Kubernetes

Kubernetes is a popular system for deploying distributed applications on clusters, particularly in the cloud. You can use Kubernetes to launch Dask clusters in the following ways:

Dask Kubernetes Operator

The Dask Kubernetes Operator is a set of Custom Resource Definitions (CRDs) and a controller that allows you to create and manage your Dask clusters as native Kubernetes resources.

Creating clusters can either be done via the Kubernetes API with kubectl or the Python API with KubeCluster.

helm install --repo https://helm.dask.org --create-namespace -n dask-operator --generate-name dask-kubernetes-operator
# Create a cluster with kubectl
kubectl apply -f - <<EOF
apiVersion: kubernetes.dask.org/v1
kind: DaskCluster
metadata:
  name: my-dask-cluster
spec:
  ...
EOF
# Create a cluster in Python
from dask_kubernetes.operator import KubeCluster
cluster = KubeCluster(name="my-dask-cluster", image='ghcr.io/dask/dask:latest')
cluster.scale(10)

This is a good choice if you want to do the following:

  1. Have a Kubernetes native experience.

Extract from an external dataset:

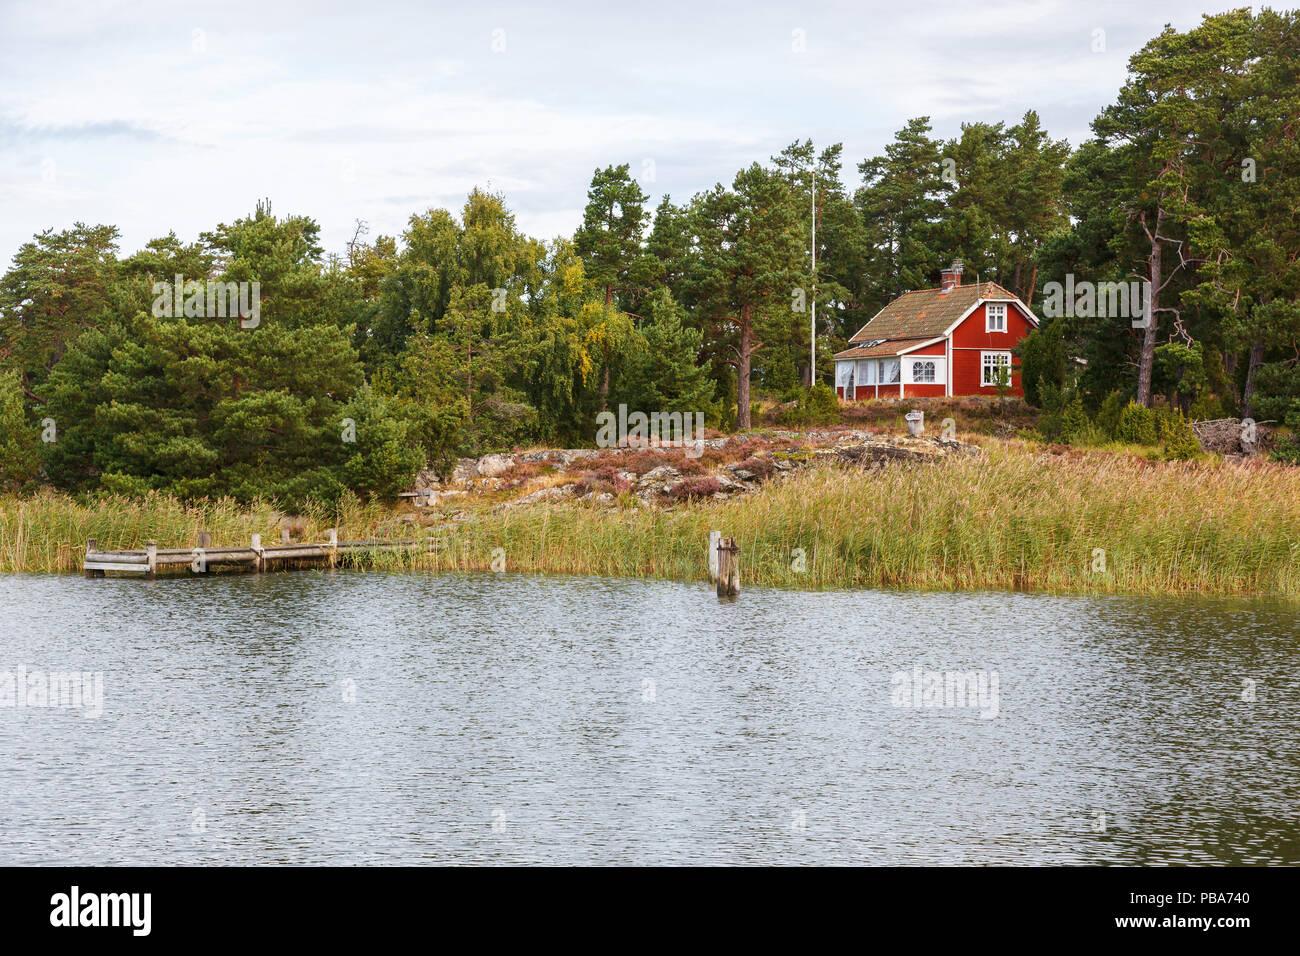 Roten Häuschen am Strand mit Steg Stockfoto, Bild: 213510752 ...

  2. Manage Dask clusters via the Kubernetes API and tools like kubectl.

  3. Integrate Dask with other tools and workloads running on Kubernetes.

  4. Compose Dask clusters as part of a larger Kubernetes application.

Learn more at kubernetes.dask.org.

Dask Gateway

Dask Gateway provides a secure, multi-tenant server for managing Dask clusters. It allows users to launch and use Dask clusters in a shared, centrally managed cluster environment, without requiring users to have direct access to the underlying cluster backend (e.g. Kubernetes, Hadoop/YARN, HPC Job queues, etc…).

helm install --repo https://helm.dask.org --create-namespace -n dask-gateway --generate-name dask-gateway
from dask_gateway import Gateway
gateway = Gateway("<gateway service address>")
cluster = gateway.new_cluster()

This is a good choice if you want to do the following:

  1. Abstract users away from Kubernetes.

  2. Provide a consistent Dask user experience across Kubernetes/Hadoop/HPC.

Learn more at gateway.dask.org.

DaskHub

You can also deploy Dask Gateway alongside JupyterHub using the DaskHub helm chart.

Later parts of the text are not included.